Introduction
WHO has defined the six building blocks of public health system, one of which is health workforce.(1) Health workforce is central to advancing health agenda. The health sector, more than any other sector, depends on people to carry out its mission. In any health care system, it is health workers – professionals, technicians, and auxiliaries – who determine what services will be offered; when, where, and to what extent they will be utilized; and as a result, what impact the services will have on the health status of individuals. The success of health activities depends largely on the effectiveness and quality with which these resources are managed and are essential for achievement of national and global health goals.
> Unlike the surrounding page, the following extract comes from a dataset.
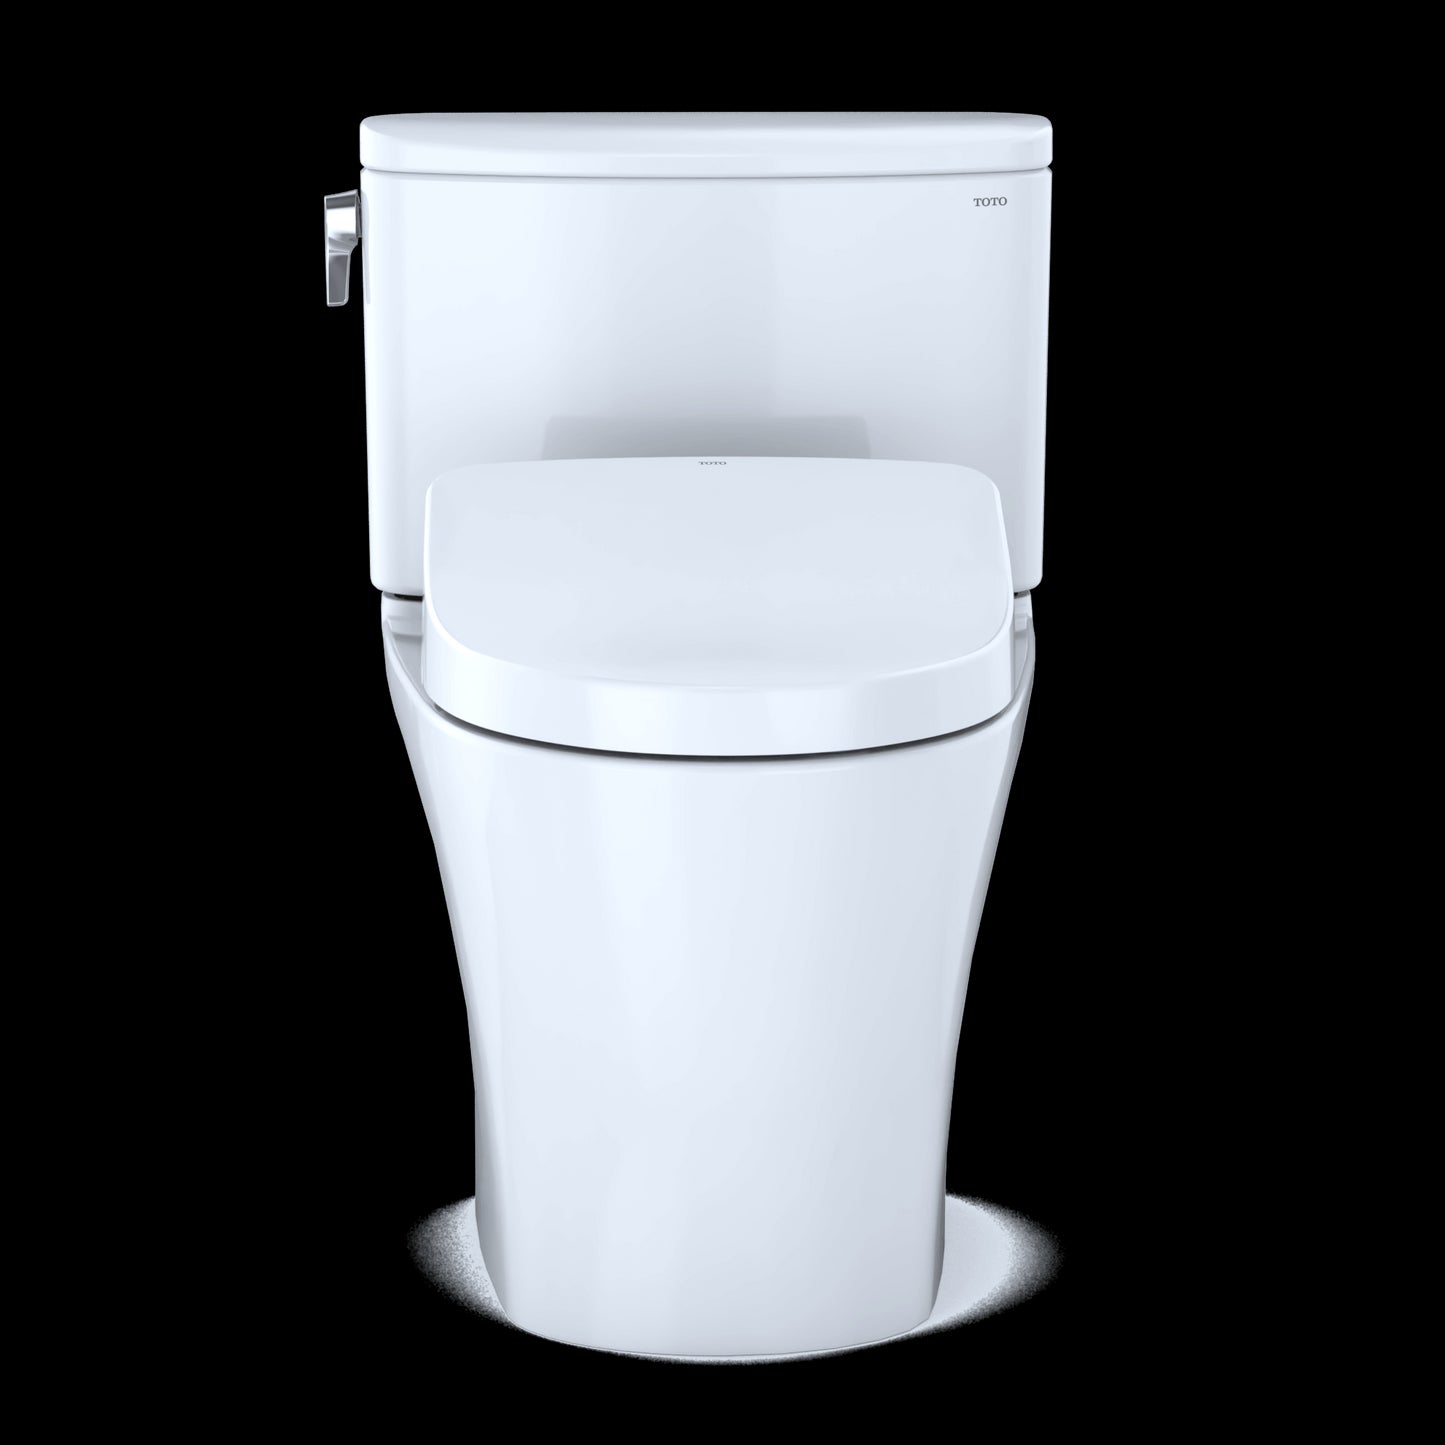 TOTO WASHLET+ Nexus Two-Piece Elongated 1.28 GPF Toilet with Auto Flush S500e Contemporary Bidet Seat, Cotton White - MW4423046CEFGA#01

The public health sector in India is presently plagued by shortages of human resources. Organizational hierarchies and divisions create additional bottlenecks that can only be addressed through systematic re-structuring and decentralization. In public health sector, district level architecture is the basic implementation and direct supervisory unit for all health programs. Robust and effective human resources for health (HRH) architecture at district level is needed for implementation of increasing number of health programs and confronting existing and emerging public health challenges. In this regard, it has been suggested that the specific responsibilities and accountabilities of key actors needs to be redefined to achieve equity in health care in India.(2)
In Maharashtra, there is fairly well developed public health cadre and public health managers are available for public health implementation. Additionally infrastructure and HRH strengthening of the public health system has been done through Maharashtra Health System Development Project (MHSDP) and National Rural Health Mission (NRHM), but redefining scope of key health positions at the district level is yet to be attempted.(3) With increasing number and intensity of public health programs it is expected to have effective supervisory structure at district level and probably their role also need to be redefined. It has been suggested that greater autonomy and progressive HR policy will support organizational commitment(4,5) and consequently better output. It is critical at this juncture to strengthen the district level HRH architecture in Public Health Department of Maharashtra. The present article discusses the context of positioning and maximizing the output of district level health officers, rendering greater autonomy and streamlining their roles in department of public health in Maharashtra. In this regard the article also tries to articulate the challenges faced by existing district level HRH architecture and discusses the possible changes required to face these challenges.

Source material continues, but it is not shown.